2.5 Build Ternary Plot

#create an interactive ternary plot using plot_ly() function
#setting function for axis formatting
axis <- function(txt) {
  list(
    title = txt, tickformat = ".0%", tickfont = list(size = 10))
  }

ternaryAxes = list(
  aaxis = axis("Young (<20 y.o.) [A]"), 
  baxis = axis("Active (20-64 y.o.) [B]"), 
  caxis = axis("Elderly (>65 y.o.) [C]")
  )

#set up title
title_detail = list(size = 12, color = 'black')

#use plot_ly() function to build ternary plot
ternaryplot <- plot_ly(
  data_mutated2, 
  a = ~YOUNG,   b = ~ACTIVE,   c = ~OLD,
  color = ~AREA,   text = ~SZ,
  size = ~TOTAL*10,   marker = list(
    line = list(color = 'rgba(152, 0, 0, .8)',width=0.2, size=~TOTAL*10)),
  type = "scatterternary",
  mode = 'markers'
) %>%
  layout(
    ternary = ternaryAxes,
    annotations=list(text="Demographic Structure \n of young, active, old \n in Singapore, 2019",xref="paper",x=0.5,
                      yref="paper",y=1,yshift=-30,xshift=-150,showarrow=FALSE, 
                      font=list(size=12,color='rgb(217,83,79)'))
  )

3. Final Data Visualization

3.1 Population Pyramid

3.2 Ternary Plot

3.3 Useful Information from the Visualizations

1. Demographic Structure of Singapore Population in 2019 is mostly economic active.

  • Using population pyramid we see the age cohorts of 20-64 years old are significantly longer than the young (<20 y.o.) and old (above 65 y.o.) cohorts.

  • Using ternary plot, we see that most of the resident population across planning areas are economically active (over 60% for most areas), while young and old are about 20% each.

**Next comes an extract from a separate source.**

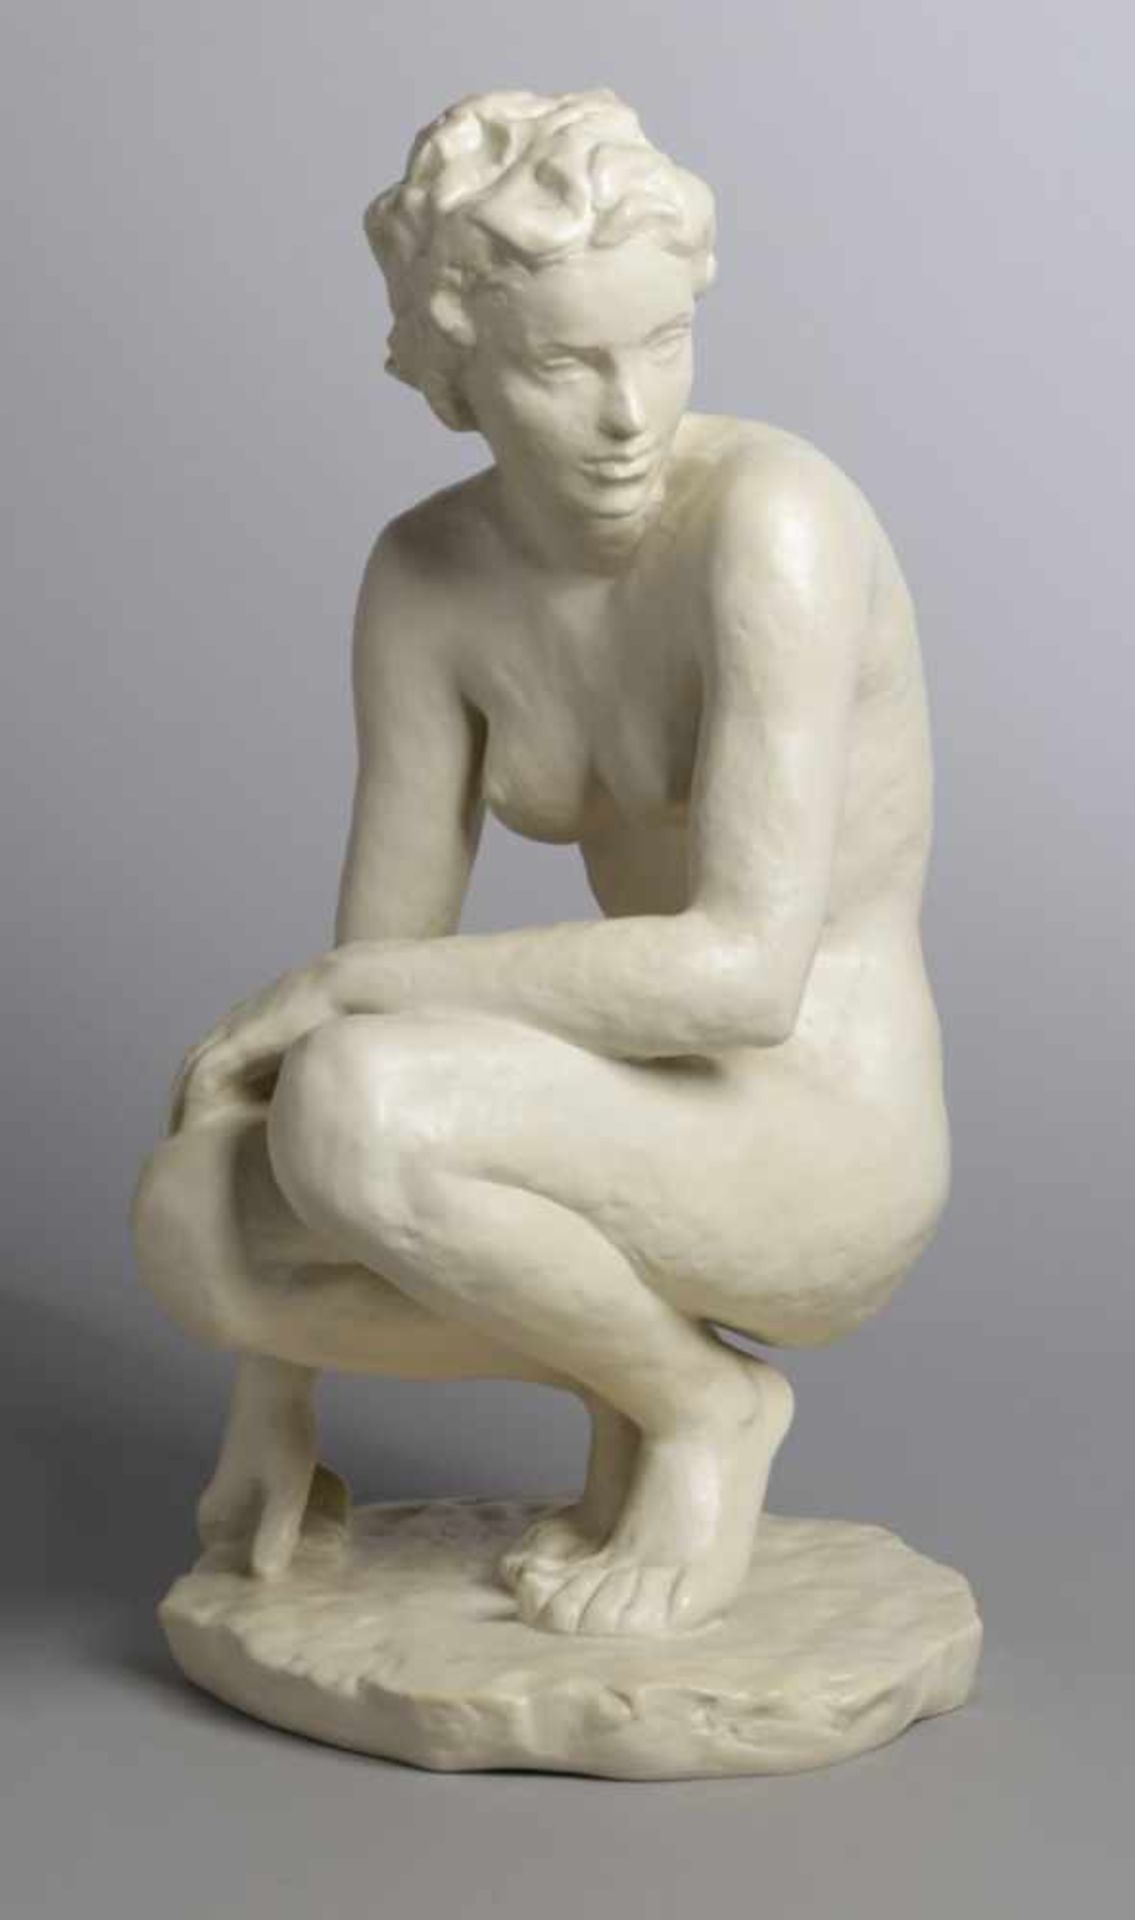 Bisquitporzellan-Figur, "Hockende", Rosenthal, Kunstabteilung Selb, 1941, Entw.: Fritz

2. Spread of demographic structure

  • Using population pyramid, we see rising population from 0 to 24 as the age increases, quite consistent from age cohorts between the age of 25-64 and declining population after 64 y.o. onwards.

  • using population pyramid, we can see that there are more females than males especially the age cohorts above 75 years old.

  • Using ternary plot, population distribution is most spread out for Central Region and East, and tighter for the other areas.

3. Demographic structure outliers

  • Using ternary plot, Loyang West has 95% of its population being 64 and above, Changi West has the most young people at 35% of its population and Singapore Polytechnic has the most economically active people at 90% of its population.